Association of Scotland’s Self-Caterers Chief Executive, Fiona Campbell, said: “Despite our best efforts, and those of our colleagues across Scottish tourism, this Working Group has been revealed as nothing but a sham and therefore we have decided to leave it.

“Throughout the entire process, while we have acted in good faith, this government has continually shifted the goalposts and acted with cavalier disregard and indifference towards our sincere concerns and innovative ideas.

“Throughout the COVID-19 pandemic, and long-before that, the Scottish tourism industry has been an example for others to follow – it is therefore extremely disappointing that our government has not held itself to the same standards and failed to back small business at this crucial time.”

But the Scottish Government say that this proposal will help empower communities to have greater say in how to manage their local tourism industry.

Social Justice Secretary Shona Robison said: “Regulation of short term lets is vital if we are to balance the needs and concerns of our communities with wider economic and tourism interests. 

“Short-term lets can offer people a flexible and cheaper travel option and have contributed positively to our tourism industry and local economies across the country. 

“However, we know that in certain areas, particularly tourist hot spots, high numbers of short-term lets can cause problems for neighbours and make it harder for people to find homes to live in.

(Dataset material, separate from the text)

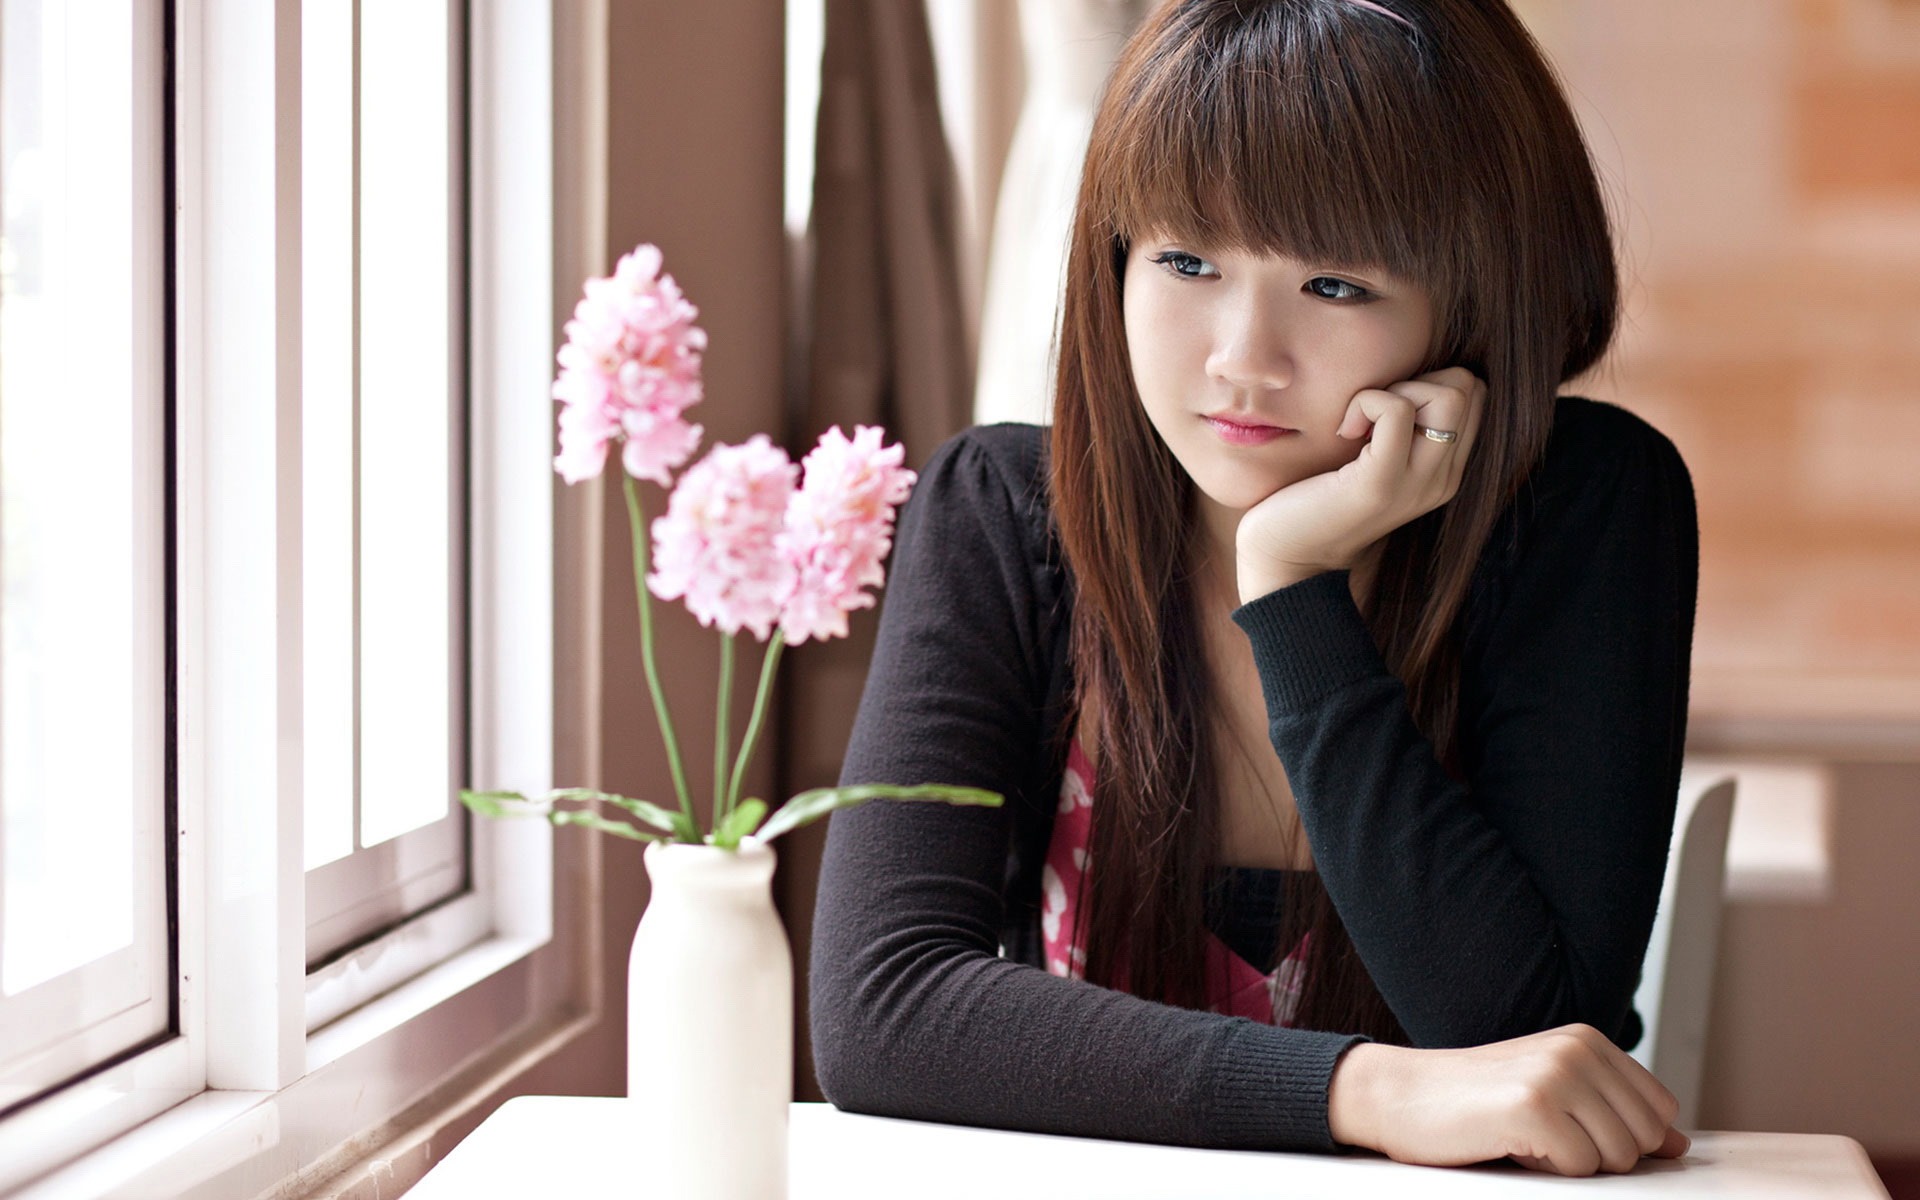 Pure and lovely young Asian girl HD wallpapers collection (2) #24 - 1920x1200
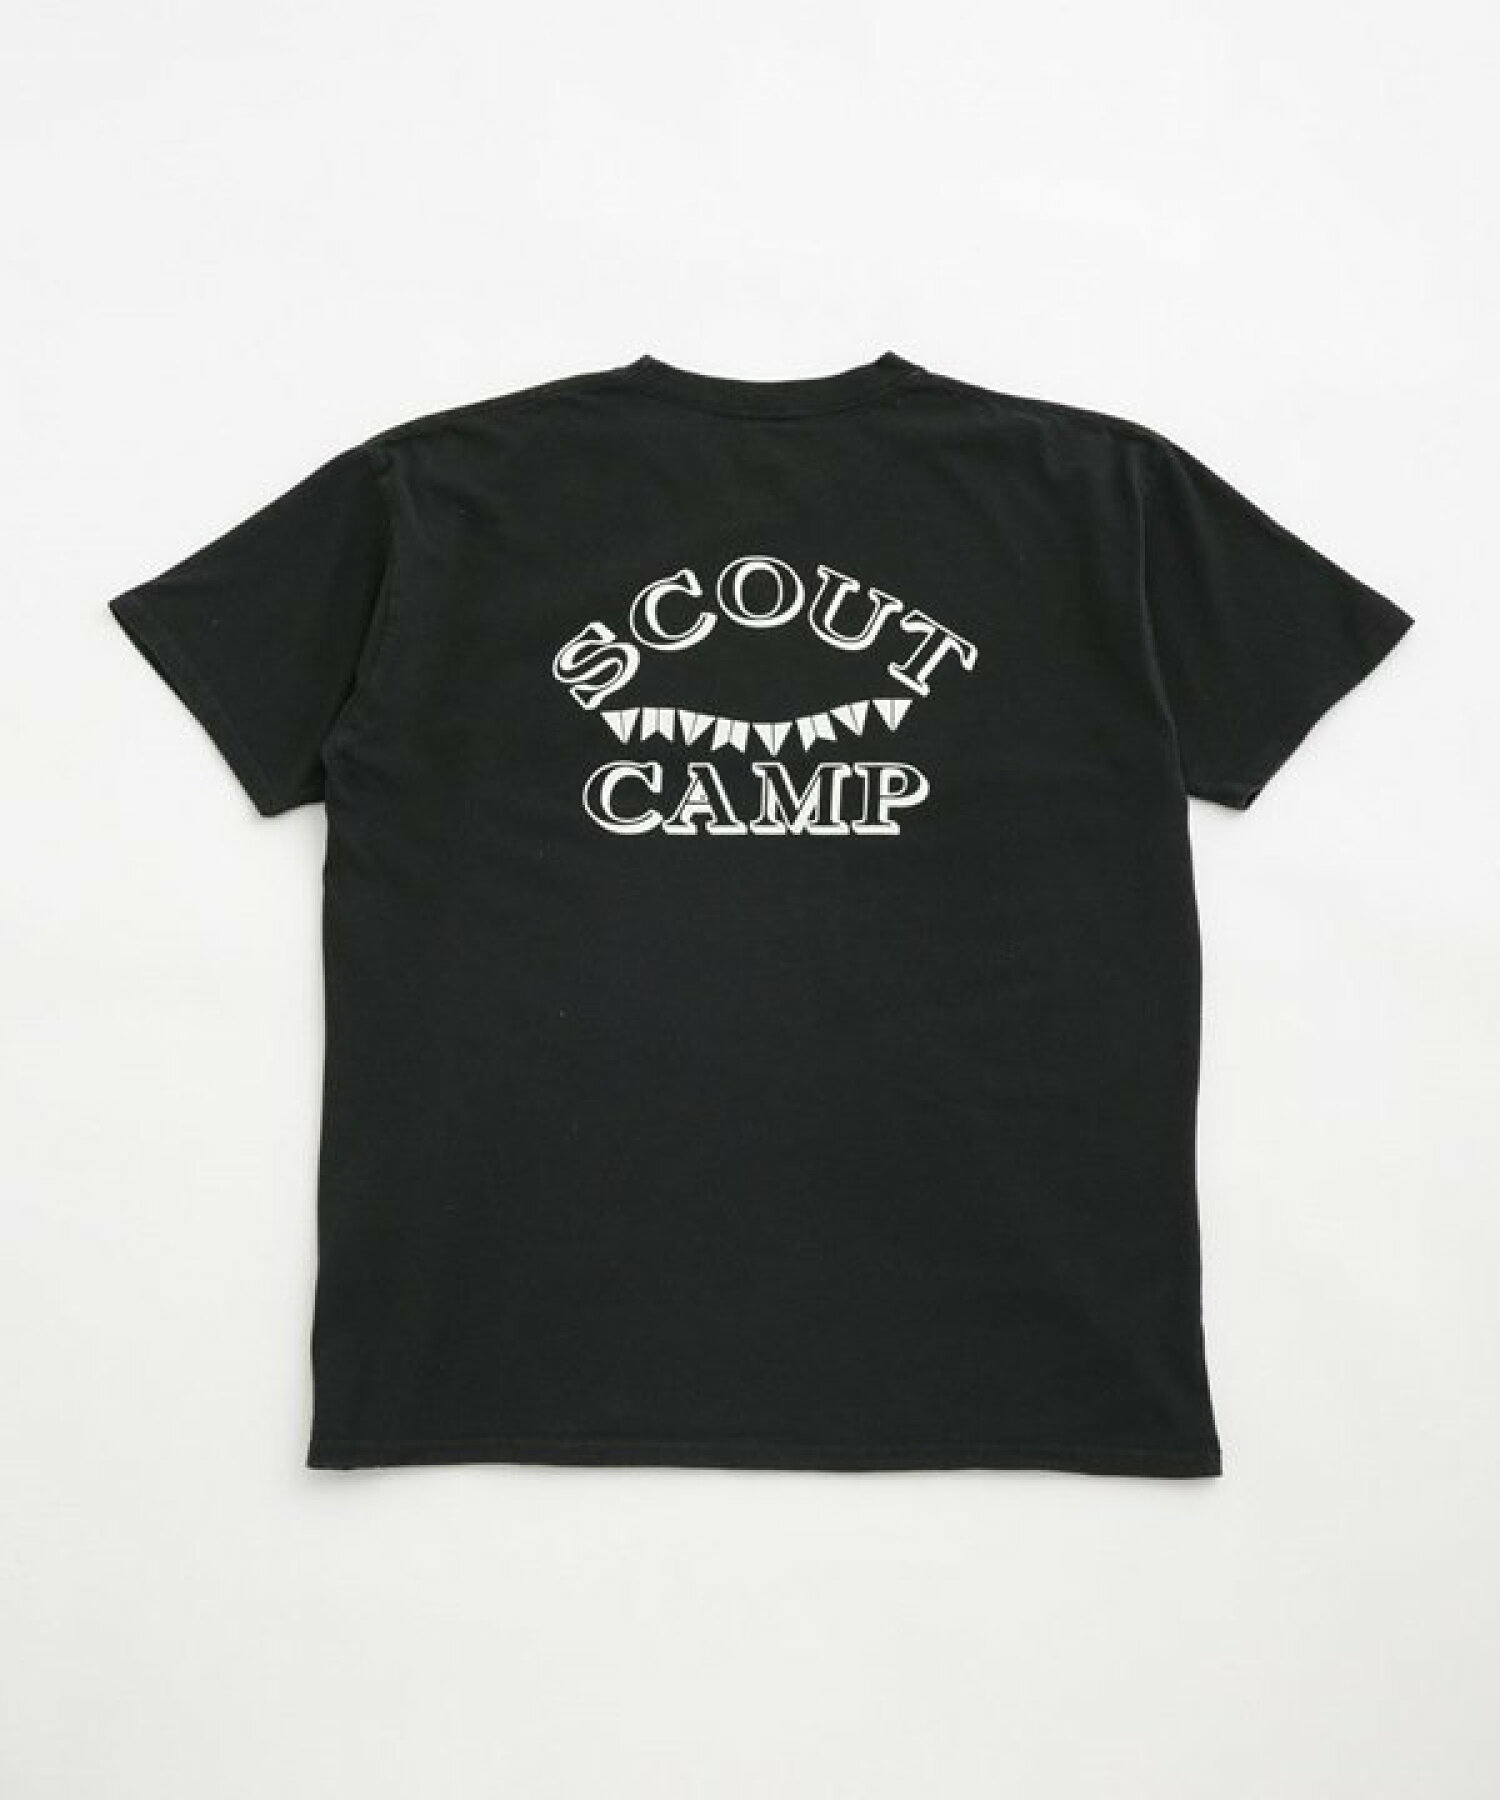 RUSSELL ATHLETIC/別注 Tee

“By allowing local authorities appropriate regulatory powers through a licensing scheme, we can ensure that short term lets are safe and address issues faced by local residents and communities.

“It will allow local authorities to understand more fully what is happening in their areas and assist with the effective handling of complaints.”

Local representatives are split on the issue, the Scottish conservatives are warning the proposal could have unexpected consequences in the sector and force many operators to close.

Highland Ward councillor, John Duff said: “I am extremely concerned about the potential impact of this SNP Government scheme on self-catering businesses. The SNP proposes a licensing scheme for all types of self-catering businesses, including B&Bs, guest houses, lodges and glamping pods, and has singularly failed to take on board the concerns of the industry in doing so.

“Self-catering businesses bring in over £720 million to the Scottish economy and the introduction of this scheme could result in many self-catering businesses closing with the additional knock on effect to local economies.”

Whereas the SNP representatives in the area are accusing the conservatives of fearmongering, suggesting that any charge would be much less than opponents worry.

Pete Wishart said: “True to form, the Tories have chosen to play to the gallery rather than engage substantively on this issue. As a result, we are now in a situation where a perfectly sensible licencing scheme that is estimated to cost the equivalent of just £11 a month is being cynically weaponised for political gain.”